本作には舞台オリジナルキャラクターとしてナンバ(演:山本一慶)、平沼(演:泉見洋平)が登場する。彼らの登場によりストーリーはより捩れ、転がっていくことに。その顛末とともに、人でなくなった者はどんな決意を抱き、終わらぬ生を受け止めるのか。この作品ならではの結末を劇場や配信で見届けてほしい。
生のサウンドと鼓動が重なる歌唱シーン
本作はロックミュージカルと銘打たれている。劇場ではバンドによる生演奏が観客を迎えてくれ、そのサウンドは登場人物たちの気持ちとリンクするように、ときに激しくときに切なく物語を飾り、生演奏でしか味わえない躍動感を生み出していた。

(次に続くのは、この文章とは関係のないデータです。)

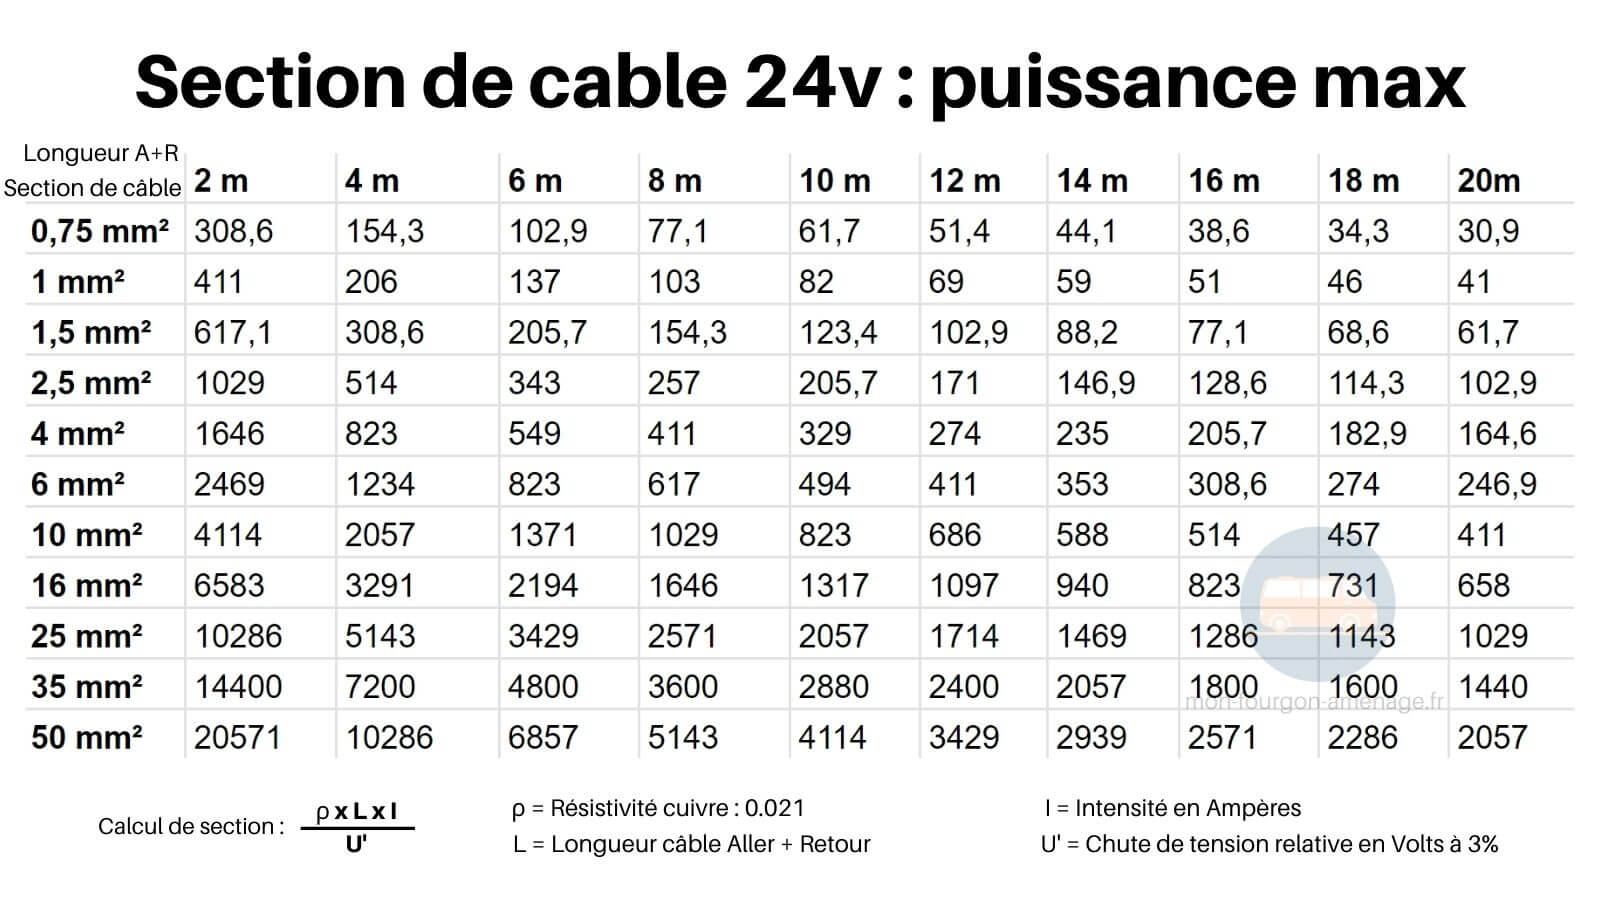 Section de cable, cable 24v, puissance 24v, abaque cable 24v

観客の耳に届くサウンドは、言わば生まれたての音だ。それはヴァンパイアとして生まれたばかりの栗栖や山上の姿に重なった。
軍人として零機関で任務をこなしながらも、彼らの中にはまだ整理しきれないいくつもの感情が渦巻いている。その葛藤や言葉にできない想い、魂の叫びのようなものが生バンドの音に幾層にも重なっていくように感じられた。そんな、音によって生まれる臨場感もぜひ味わってもらいたい。
▲やりとりが微笑ましい栗栖と山上
そしてもちろん忘れてはならないのが、実力派揃いのキャストによる歌唱シーンだ。なかでも人間からヴァンパイアへ、という変化の渦中にいる栗栖と山上を演じる太田と柳瀬の歌声は圧巻。
劇団四季でも活躍していた柳瀬は今作では歌唱指導も務めている。絶品ともいえるその歌声を堪能できるというだけで、ミュージカルファンにとっては一見の価値ありと言えるだろう。

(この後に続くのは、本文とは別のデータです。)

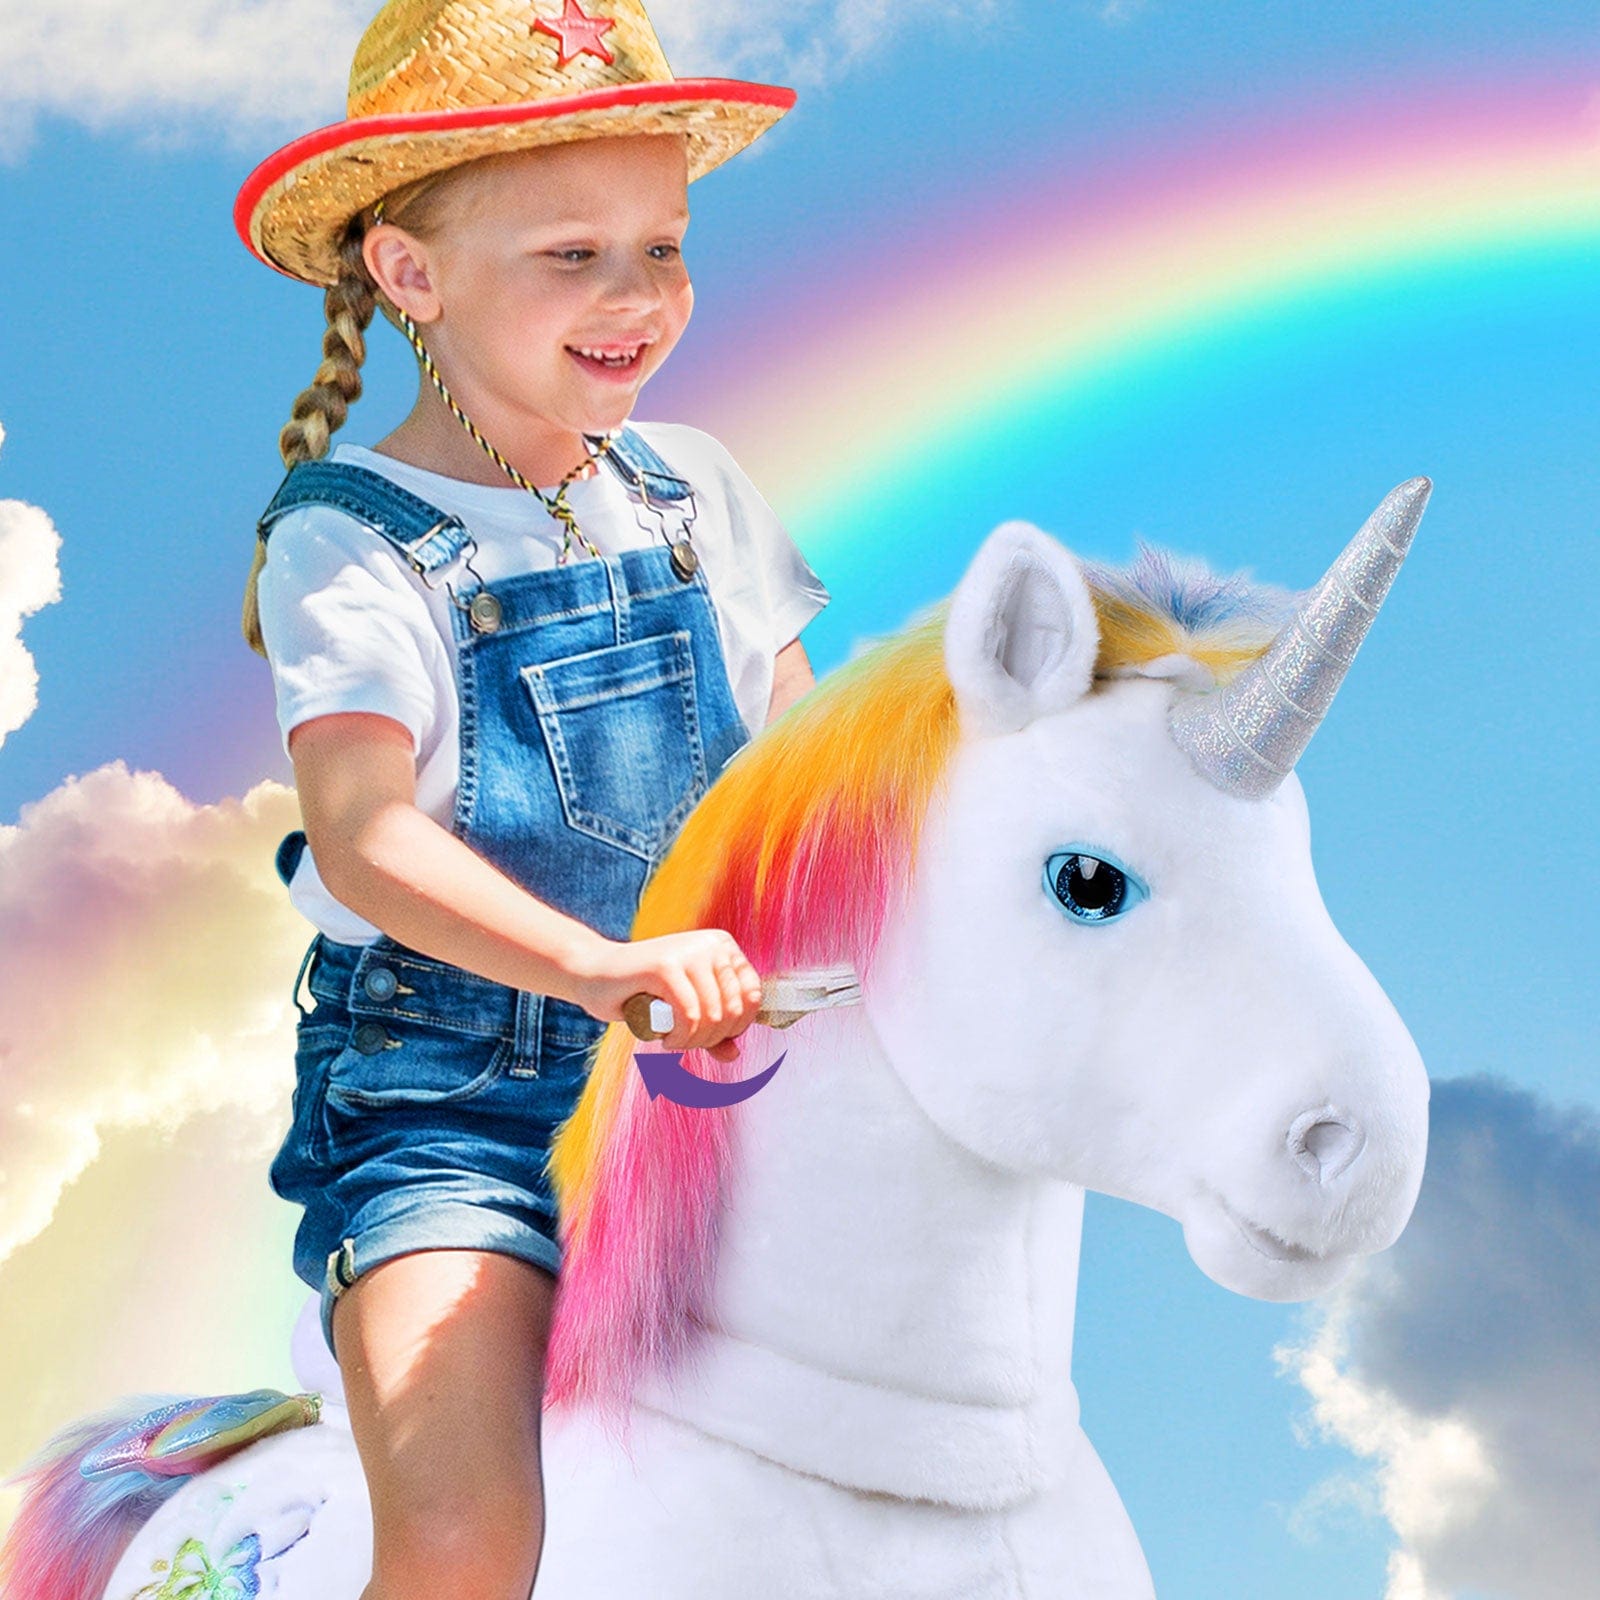 PonyCycle, Inc. Unicorn Ride On Toy for Age 3-5 Rainbow Model X

栗栖はヴァンパイアという特異な存在の中の、さらに稀有な「ランクA」という逸材。ヴァンパイアになったことに加え、ある種、孤独な立場に置かれている。その上、幼馴染・葵への割り切れない想いも抱えている。
全ての感情がグラデーションになっているような状態を、太田は歌で繊細に表現していた。状況の変化とともに移ろっていく栗栖の心情を、彼の音色から感じ取ることができるはずだ。

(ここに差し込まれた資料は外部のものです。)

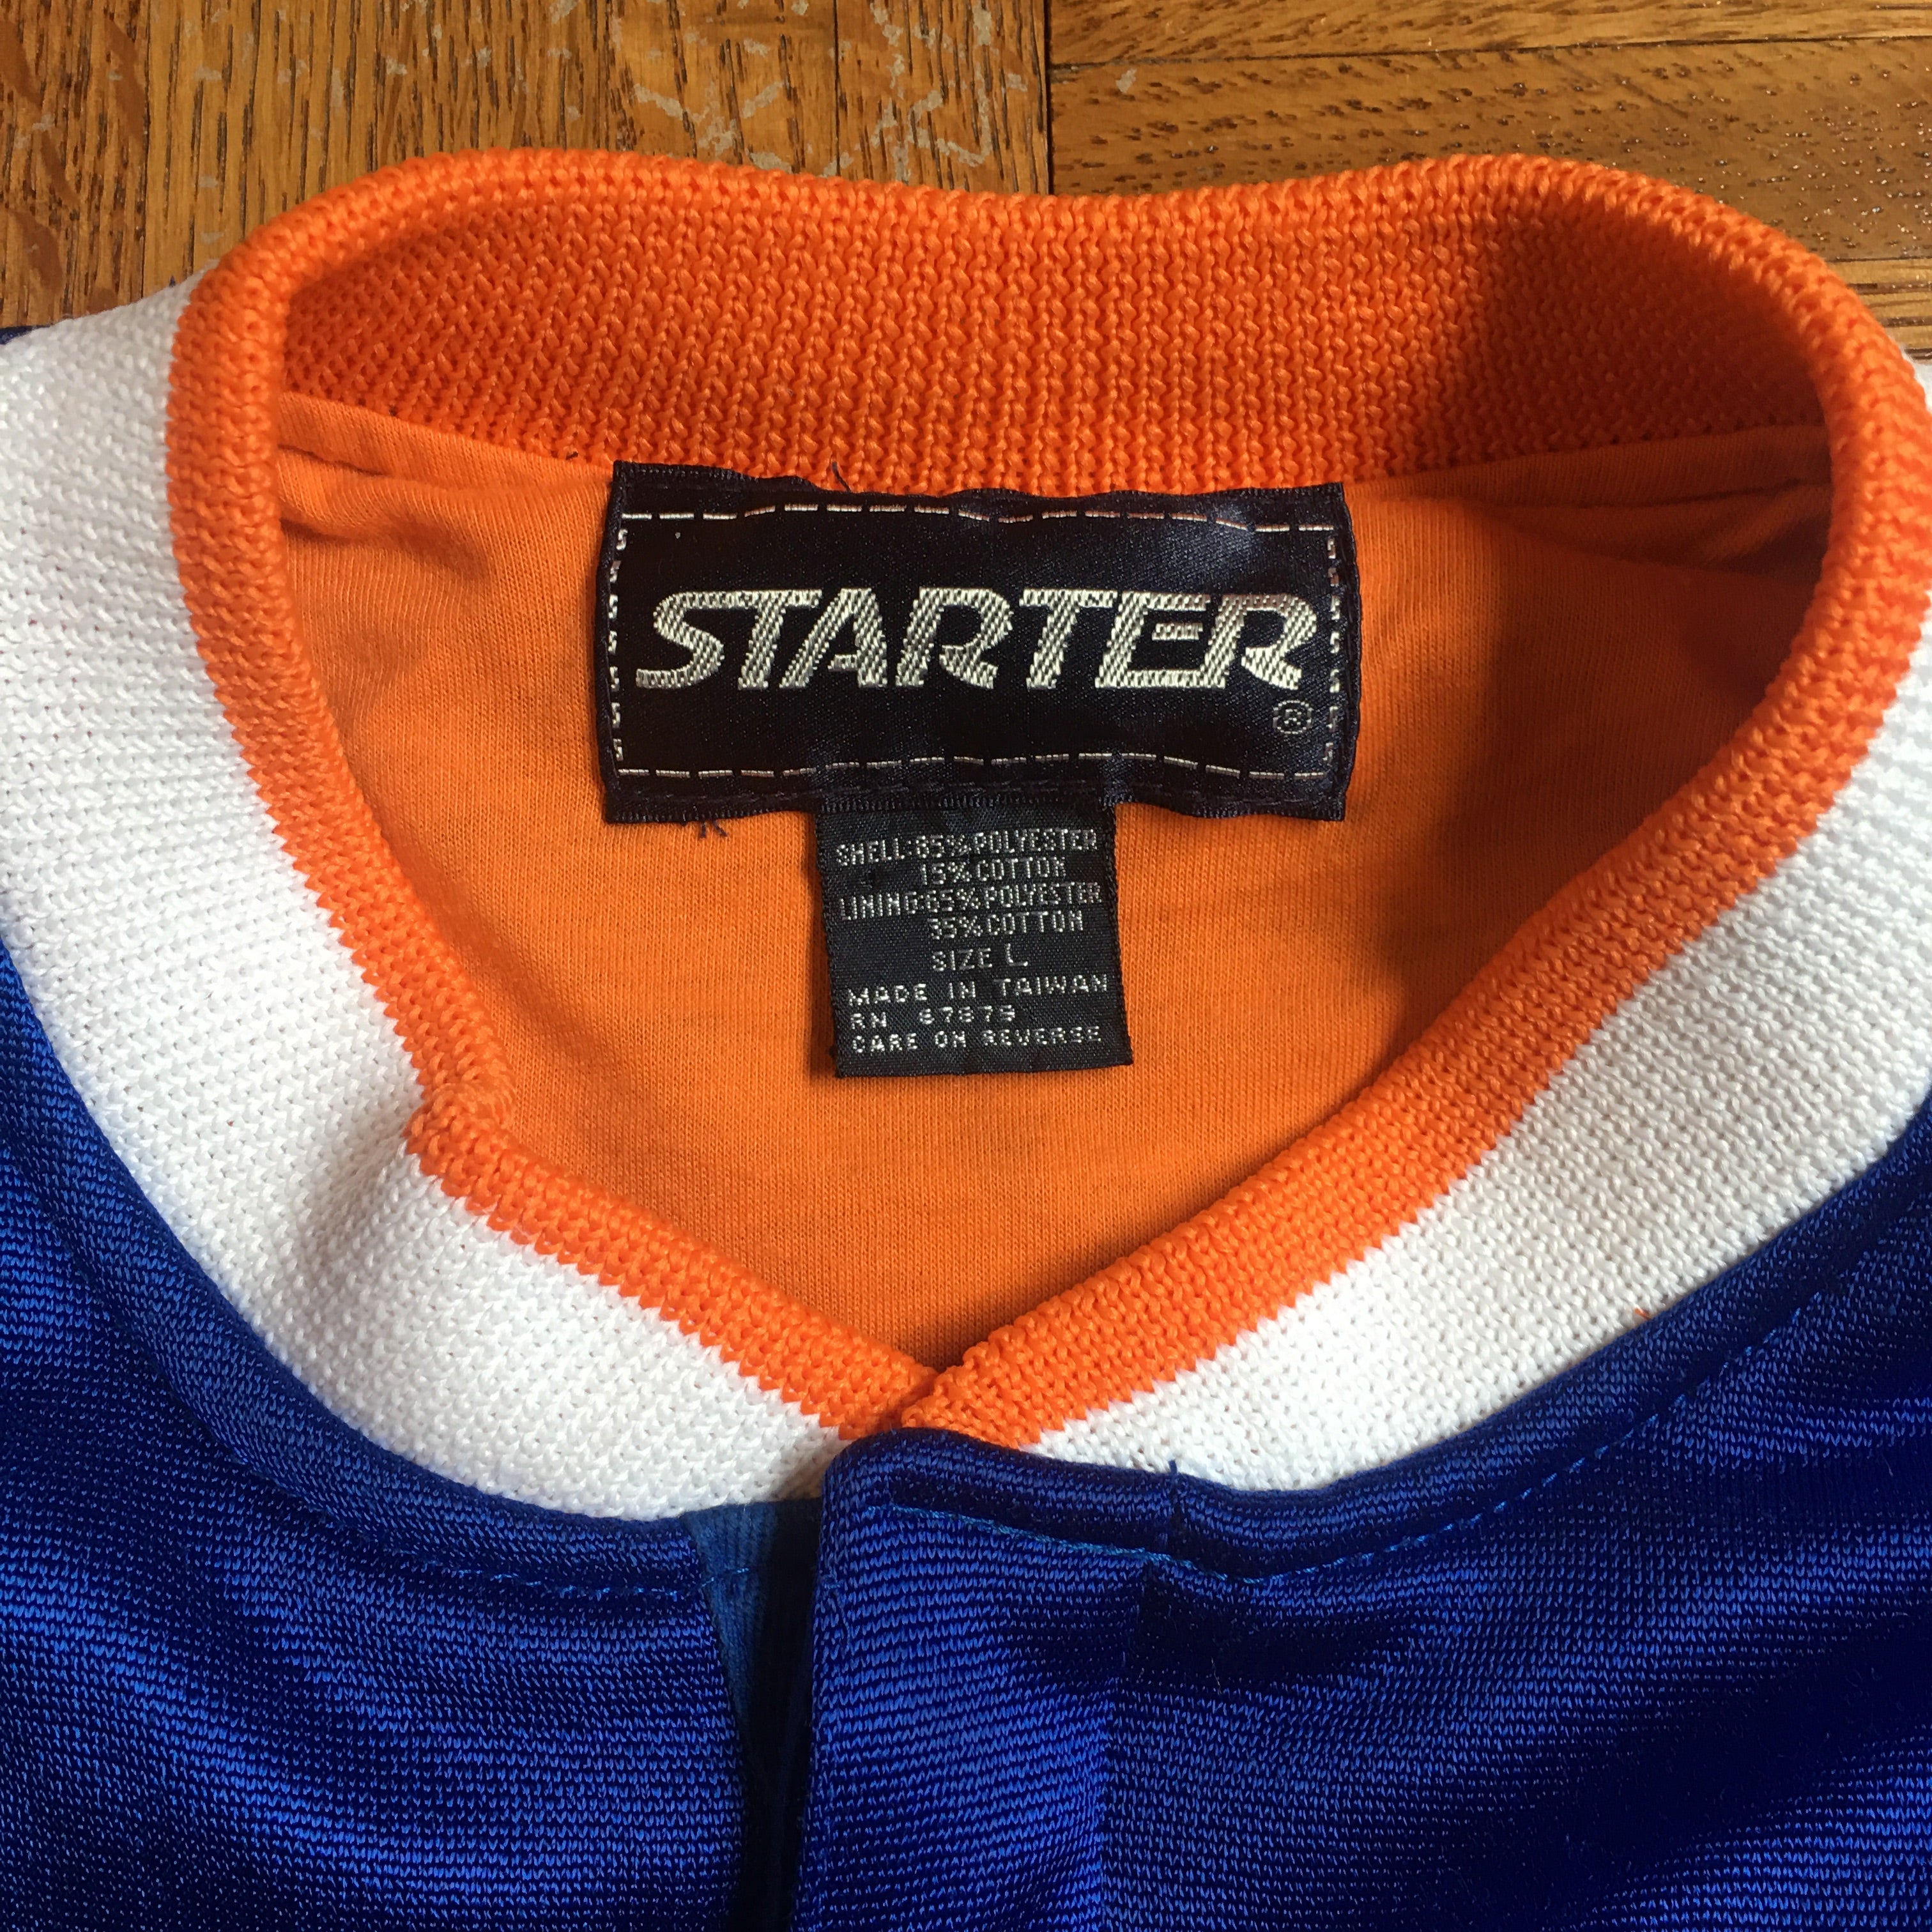 Vintage Los Angeles Raiders satin jacket by Starter - RARE XL TALL -  VintageSportsGear

グランドミュージカルに多数出演してきた泉見洋平や、アーティストとしても活動するKIMERUが名を連ねる本作は、音楽を聞くというよりも浴びるつもりで観劇に臨んでもいいかもしれない。それほどに濃い音と芝居の融合が楽しめる作品である。
見どころを紹介、全キャラレポート
ここからは全キャラレポートを紹介する。ネタバレを避けるためキャラクターについては多くを語れないが、それぞれの見どころをお届けしたい。
まずは零機関。所属するのは栗栖と山上、スワ(演:糸川耀士郎)、タケウチ(演:平野良)の4人だ。
すでに数百年生きているスワはどこか浮世離れした雰囲気の持ち主。すべてを達観しているように見えて、意外と人間臭い部分を糸川が好演していた。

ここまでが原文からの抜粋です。